OS X for Intel would change the PC landscape like no other operating system has or could. Apple should open-source their operating system, port Openoffice.org to Aqua and bundle it for Intel PC’s.
Why? OS X is a stable and secure platform and offers the proprietary multi-media applications lacking in Linux. Reports of OS X for Intel indicate it performs well, has a great interface and provides a better overall experience than Windows. Some say the experience is vastly improved.
With Microsoft Vista barrowing heavily from the OS X look and feel, why wouldn’t someone want the original? Apple could do a number of things with Aqua. Keep it proprietary and sell it, if you must. Or open it up and let the open source development community give users lots of great applications.
Sell Aqua for Linux and people would buy it in droves. Make a media player for it and you will sell that too. You have nothing but revenue looking you in the eyes.
Apple could continue to bundle OS X with their hardware and they would increase their hardware sales. Continue to offer high-end hardware solutions and Apple won’t be able to keep up with demand. People will consider the value of OS X and purchase Apple hardware justifying the premium with the $300 software savings and the value of higher end hardware.

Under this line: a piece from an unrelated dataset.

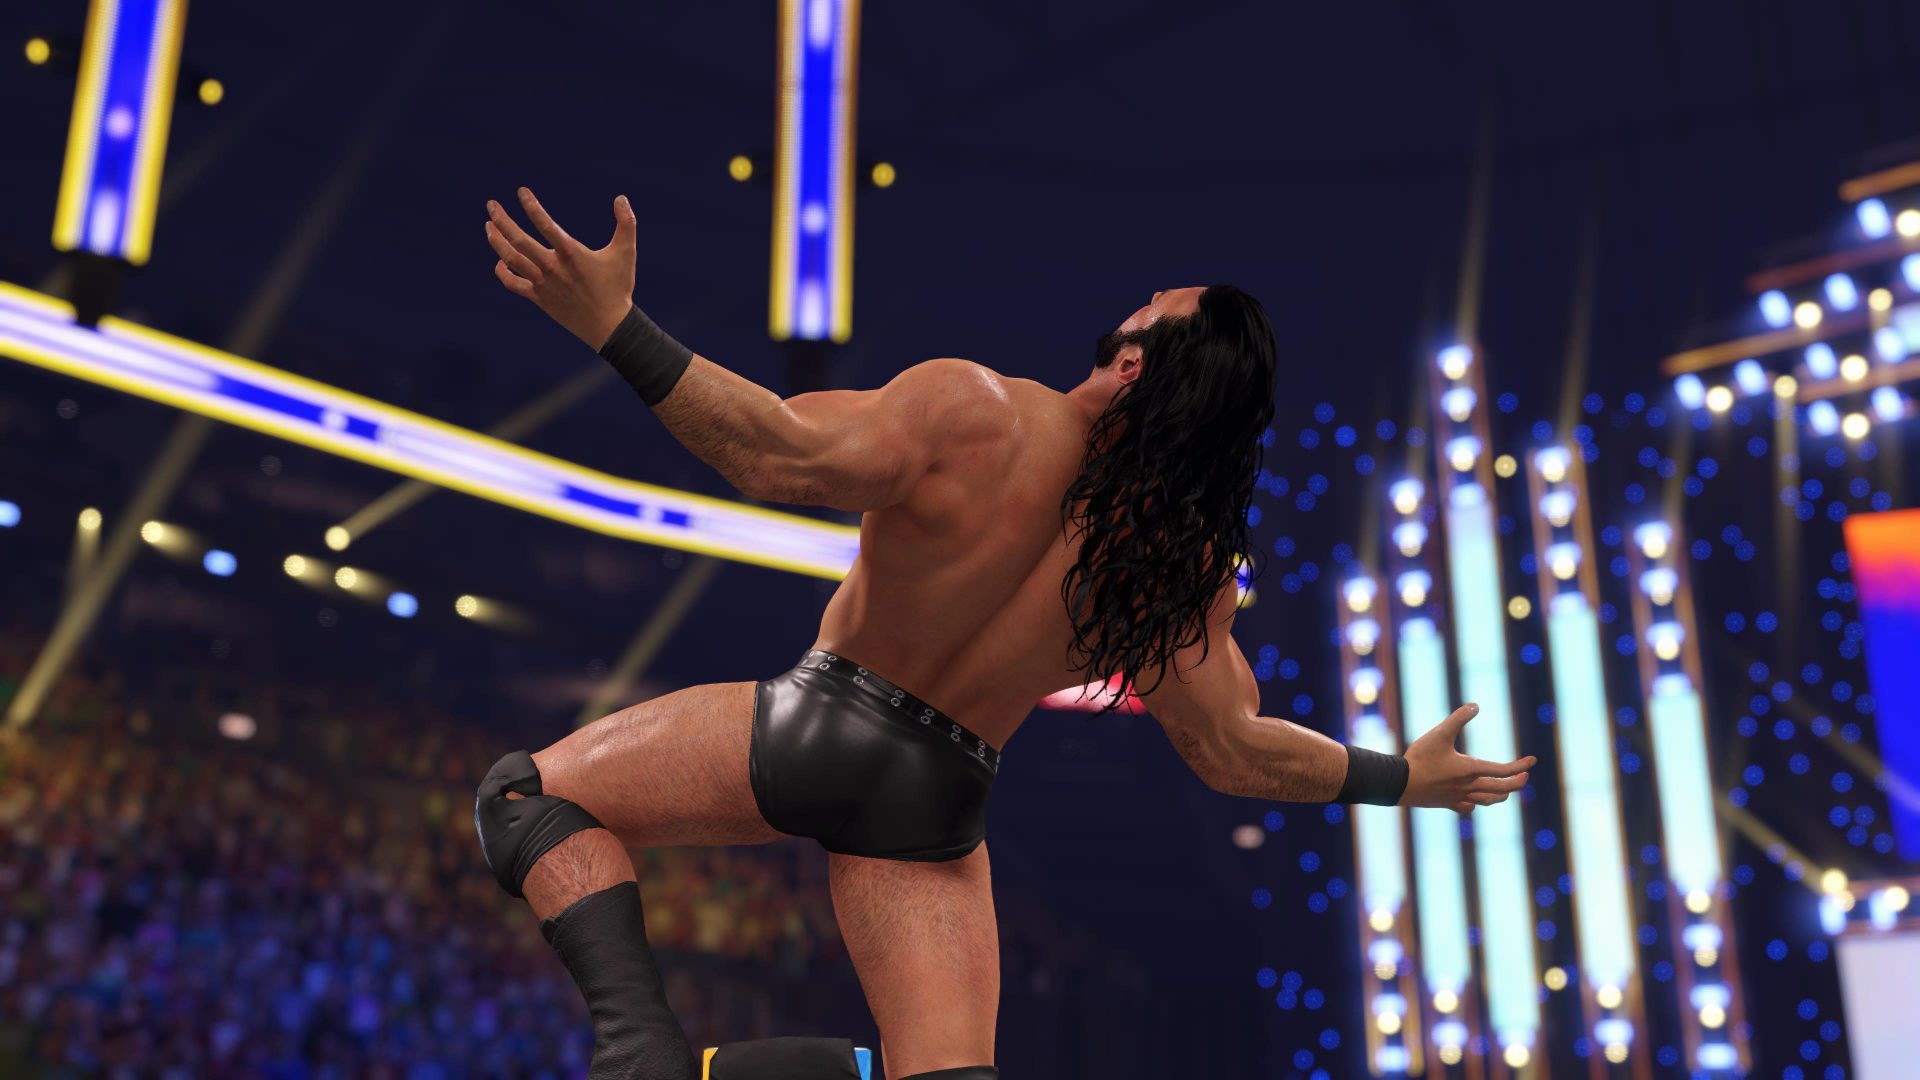 WWE 2K22 Review (PS5)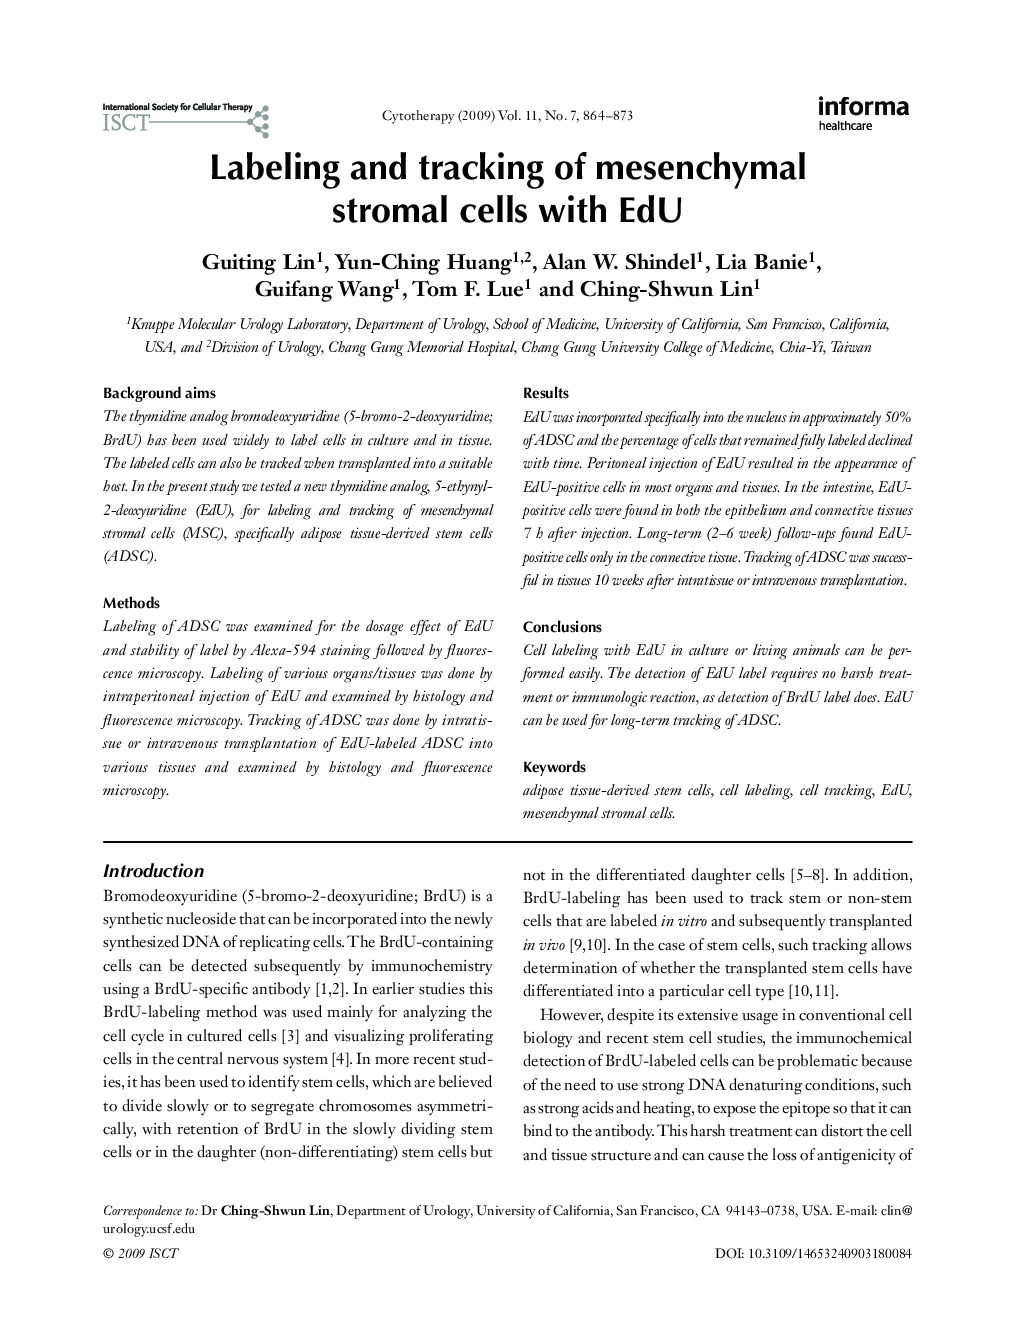 Labeling and tracking of mesenchymal stromal cells with EdU

Make OEM deals that force the existing PC vendors to pay top prices for OS X. They’ll pay you simply because they cannot afford to pass up the opportunity they would lose otherwise.
Would I spend more money for a great Apple computer? I already have. I bought a Cube when OS X was in beta.
We wanted the Studio Monitor, keyboard and mouse, sound system and the designer looks. Oh, the Cube eventually died, but we kept everything else, connected it to an Intel Pentium 4 box and run SUSE 10 on that system. Give me OS X and I’ll install that without blinking.
My next purchase? A PowerBook with OS X. I’d then keep this IBM Thinkpad for emergencies and if I could, I’d dual book it with OS X and Linux.
What about Linux?
I would still run Linux where I could. I’d probably run it on Apple hardware. That’s correct, I would buy an Apple Server and run Linux on it as my web service platform. If Red Hat ported their RHEL 5 to the Apple platform, that would be my solution.
Linux developers would have a chance to make some money porting 17,000 packages to OS X, servicing them and selling them. Because, enterprises would move to Apple within a moment’s notice and without hesitation. Apple’s eco-system would grow and Apple would prosper like never before.
In spite of Apple’s proprietary stand, many Linux developers including Linus, have empathy for the Mac. Given the choice between an iBook and any Intel based Laptop, Apple usually wins. Given the opportunity to offer Apple, the channel would beg.
People use Windows begrudingly. They use Microsoft products because they have to use them. Give them an alternative and they switch.
Last week’s rejection of Steve Job’s offer to provide China with software for the MIT Children’s Notebook should have opened some eyes. Even with the superior interface and the special applications, China chose to stay with Linux. It makes one wonder why isn’t won’t riding the horse in the direction it’s going.
In the age of commodity hardware, Apple can adapt and win big.